One important idea – we feel we will need a Maker Week to introduce this concept to teachers and students. Our partners will help us to develop a ‘Maker Week’ where various aspects of maker culture are introduced to students and staff over a five-day period.

One of our partners, Marlaina Loveys has come up with a wonderful way to jump start our Maker Week:

I have been giving some thought to what type of fun event we could do to get everyone excited about the Innovation Centre.  I would like to propose that we select a theme – LEGO Stop Action Movies.
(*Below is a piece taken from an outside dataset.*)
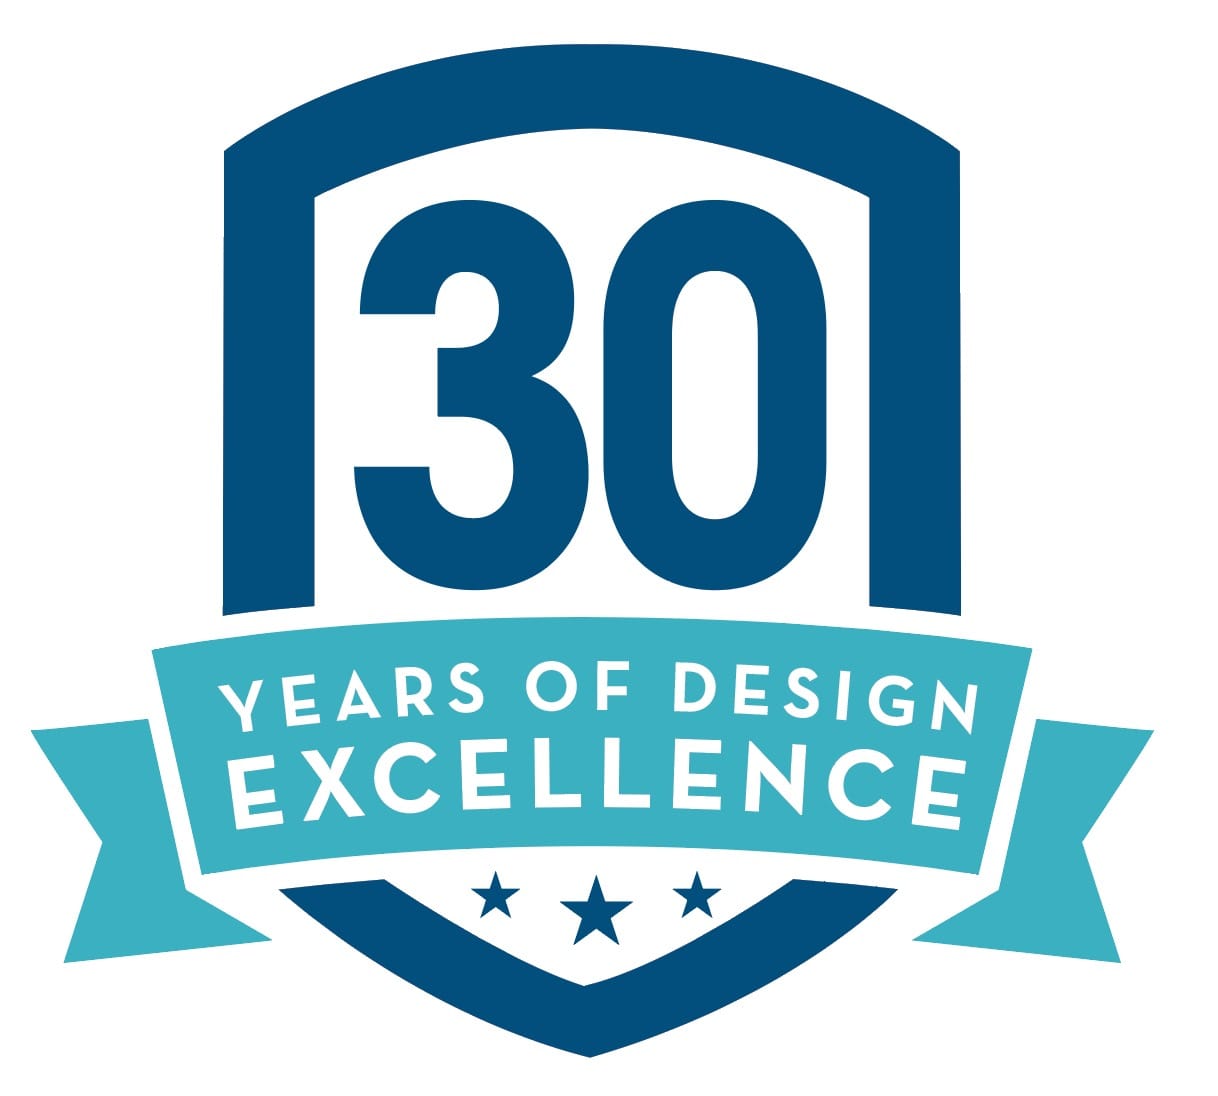 30 Years of Design Excellence Award

I am envisioning each class have the opportunity to be inspired by previewing some LEGO stop action movies (I can pull together a bunch from You Tube) then the teachers/students (I would love to be there too 🙂 brainstorm to decide on a theme or ideas for their Stop Action Movies.  I would provide all the LEGO for a hands on activity where they build the scenes and we could use the school IPads and either the LEGO movies, Stop Motion or Windows Movie Maker software (all free) to create the movies.

watching lego movies?
watching lego movies?

Then, we could have a school movie “night” where the whole school could watch the movies.  We could incorporate a lot of other maker/entrepreneurial activities into the movie night event.  For example:

  • Students create posters and tickets for the event
  • Make it a drive in theatre theme and use cardboard boxes for students to create cars.  Goes with the idea Allison had about cardboard creation.  I will send a separate e-mail with some pics I found on Pinterest of these types of creations others have made.
  • Maker Junior – maybe she could come up with some sort of wiring/lighting maker project to add to the movie night
  • Concession stand to sell popcorn/juice, etc. which could be an entrepreneurial project for the older students which links back with Luc

These are the kind of ideas that will make this such a special project!

I will continue to use this blog to record the progress we are making towards the innovation center.  What, I wonder will be the next step?